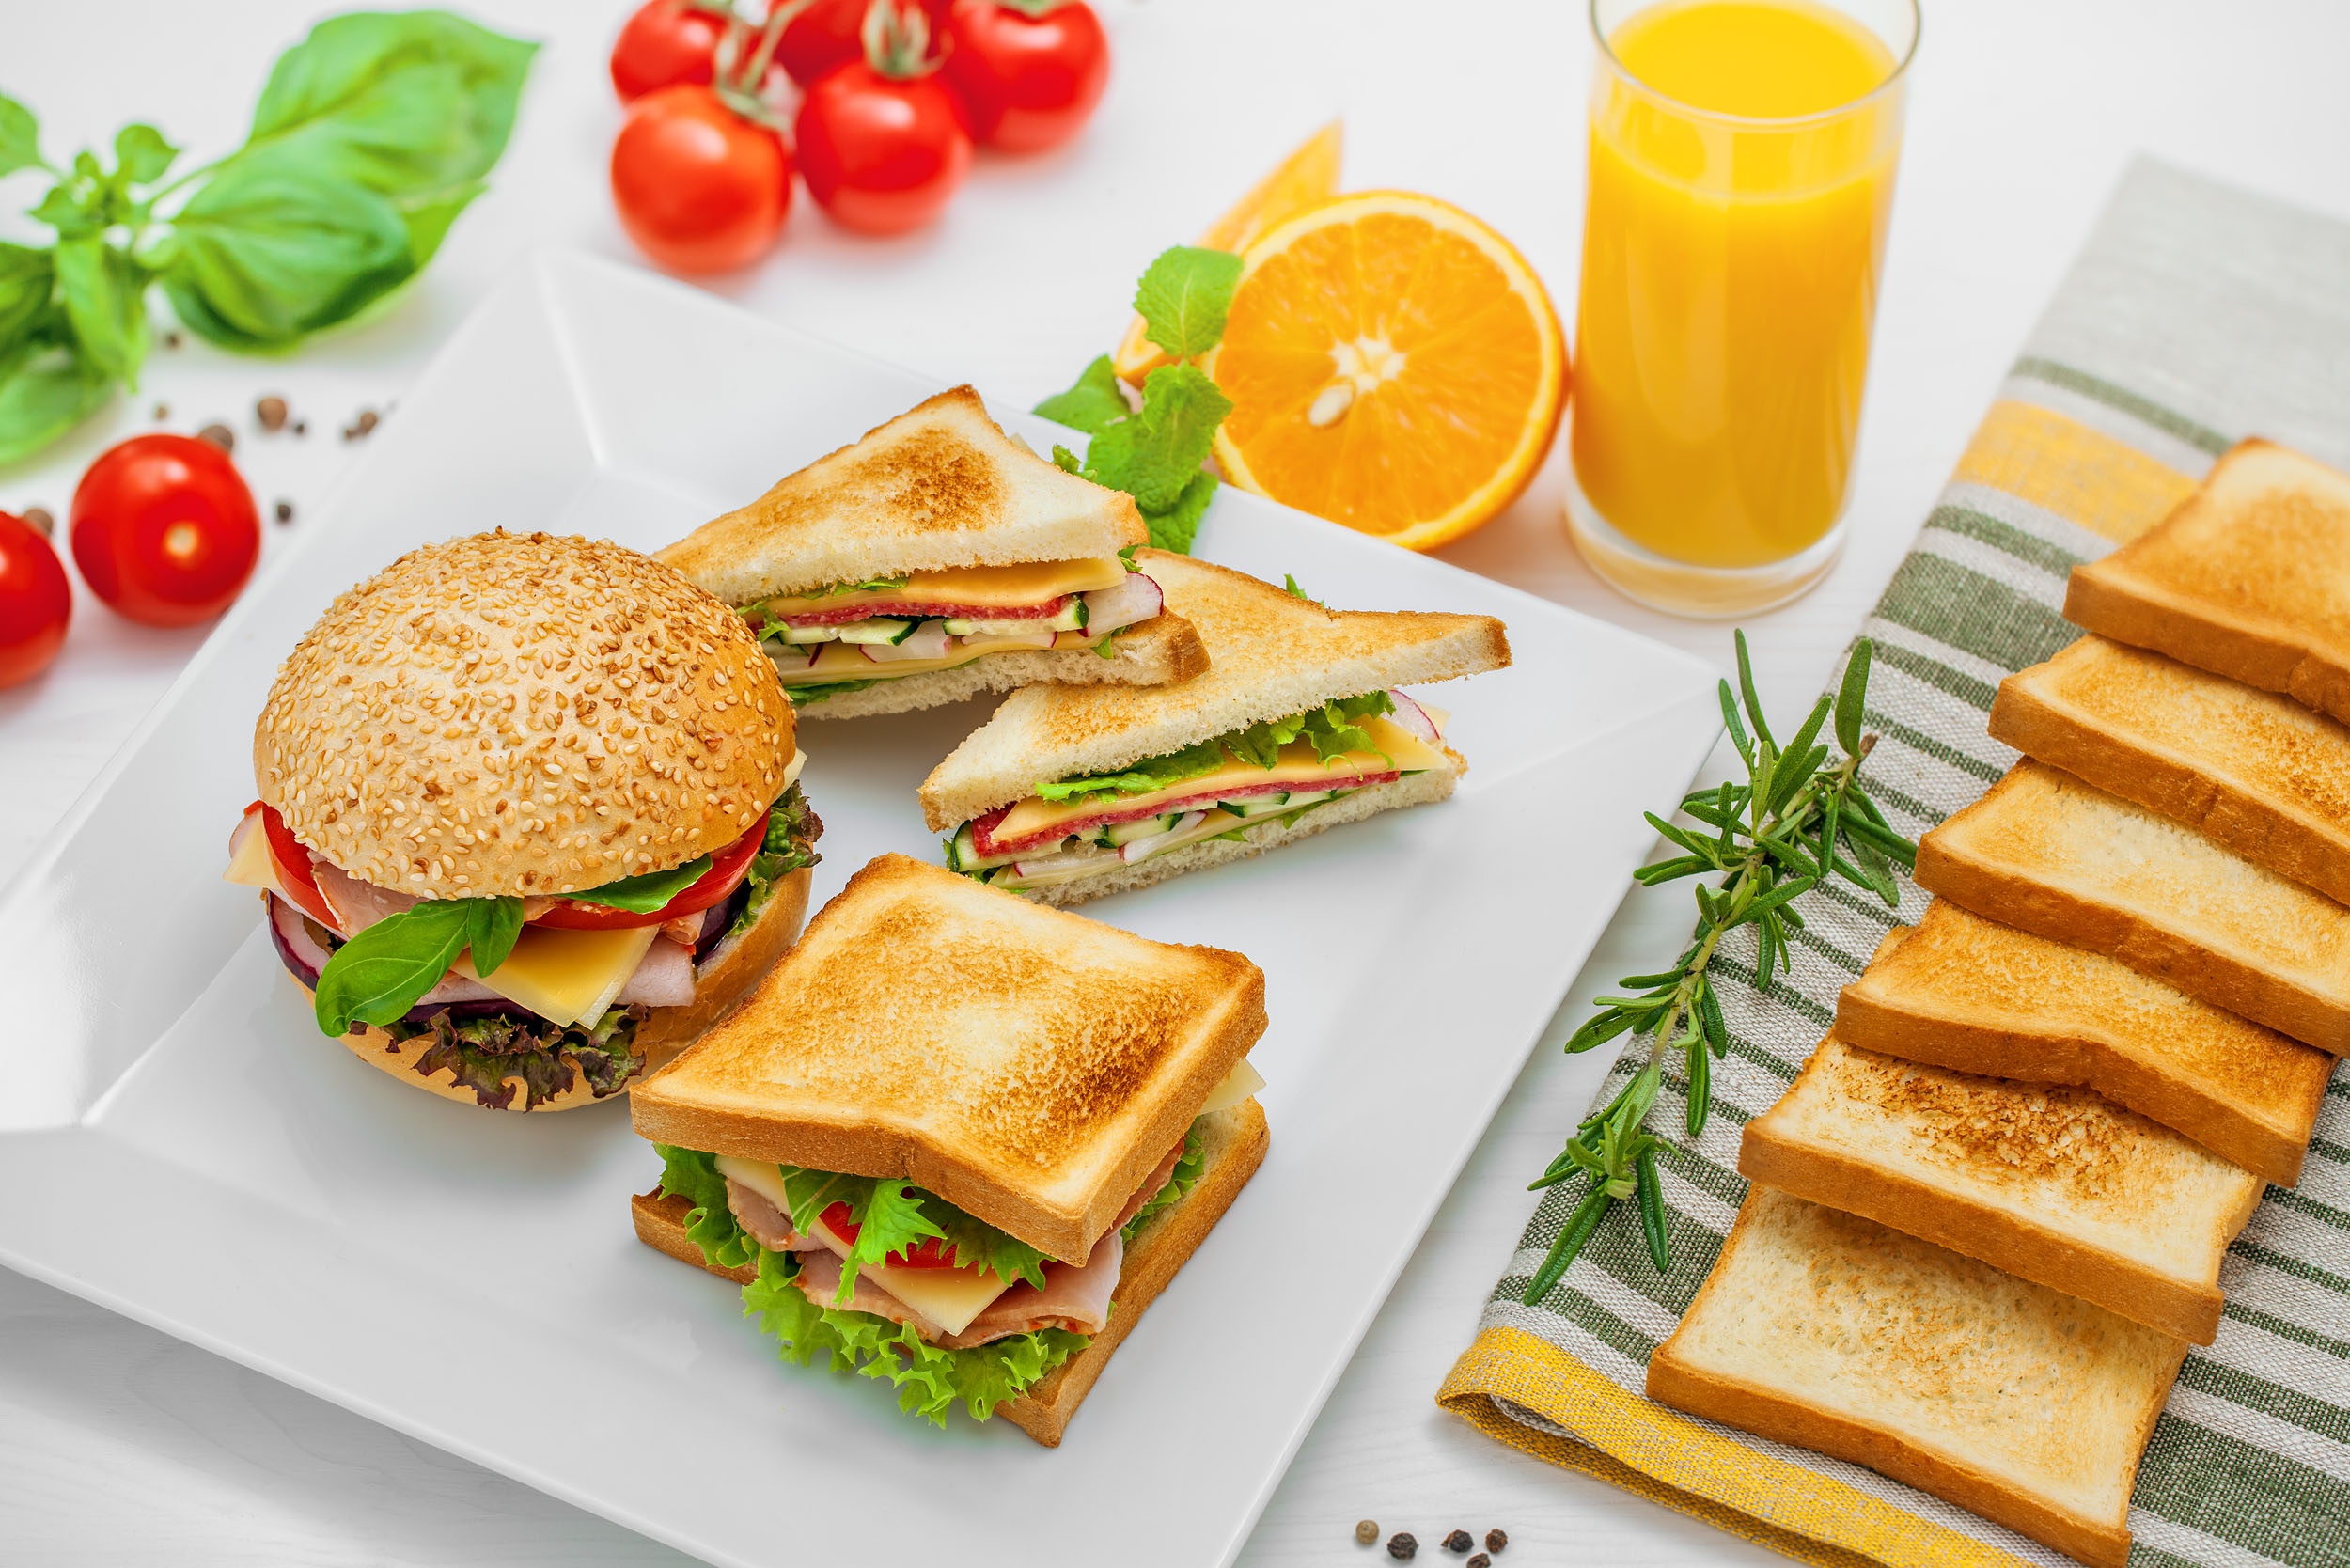 HD desktop wallpaper: Food, Still Life, Toast, Bread, Juice, Burger,  Sandwich download free picture #864560
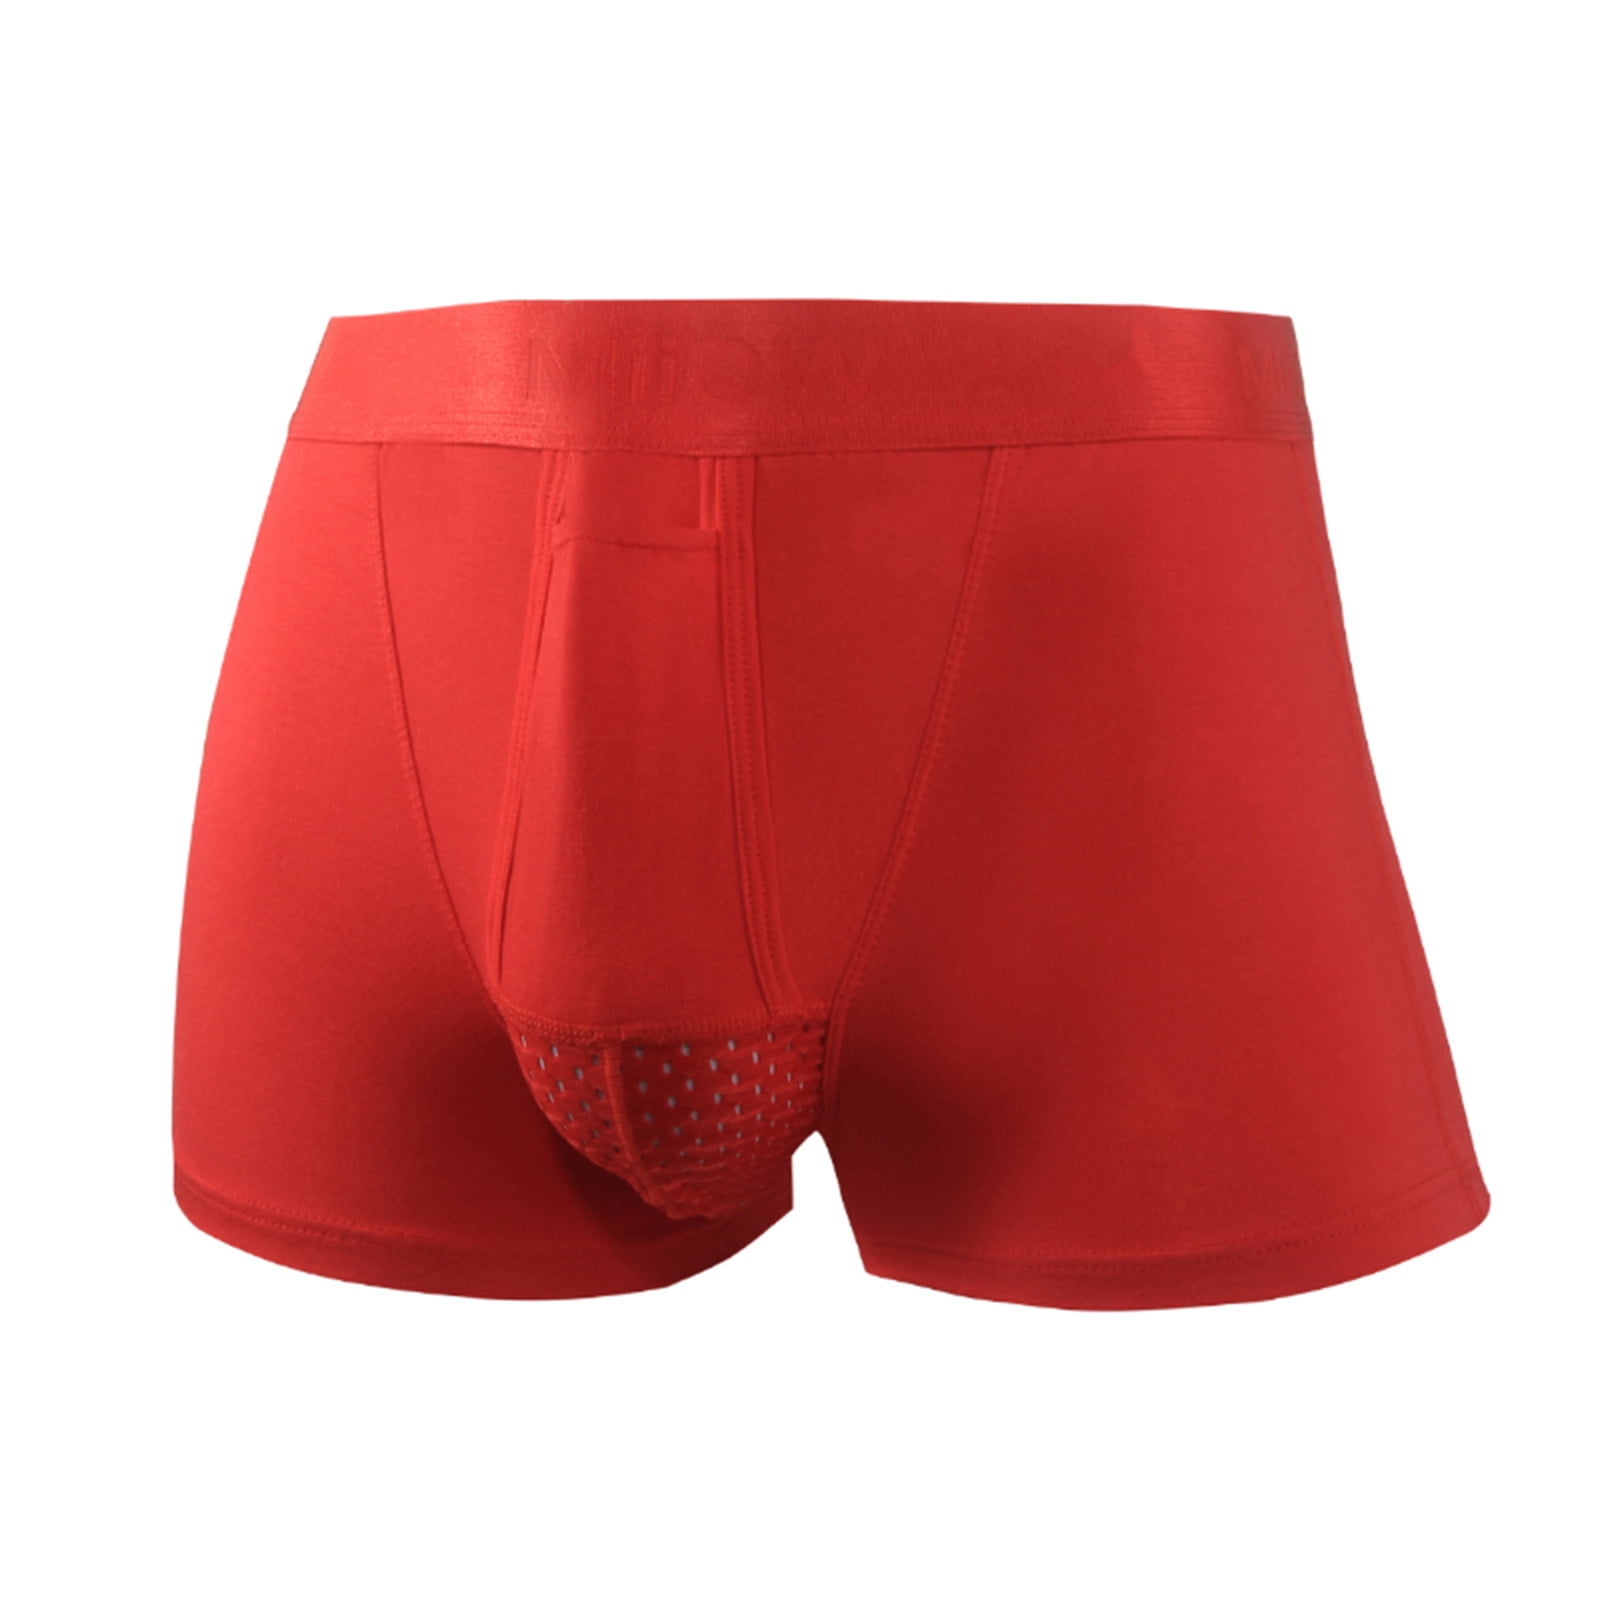 Soft Modal Men's Underwear Graphene Moisture-Wicking L
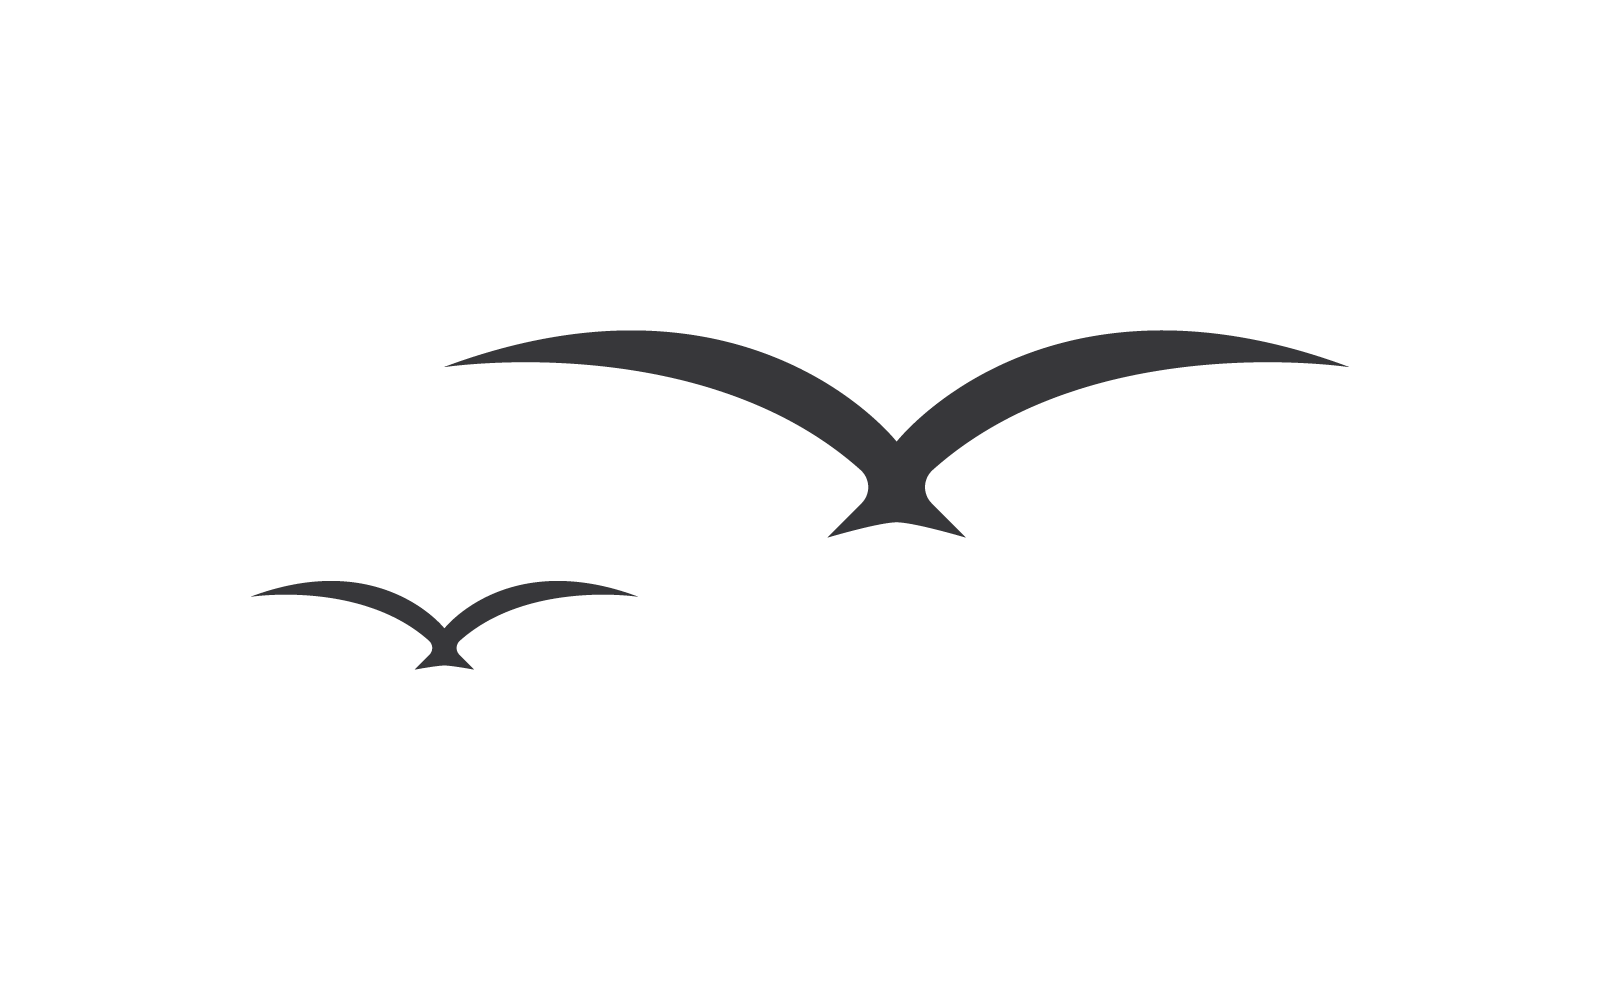 Seagul bird illustration vector design

### Exercise
Restate the entire listing word for word, excluding pictures.

### Output of the exercise
 HD desktop wallpaper: Food, Still Life, Toast, Bread, Juice, Burger,  Sandwich download free picture #864560
 Soft Modal Men's Underwear Graphene Moisture-Wicking L
 Seagul bird illustration vector design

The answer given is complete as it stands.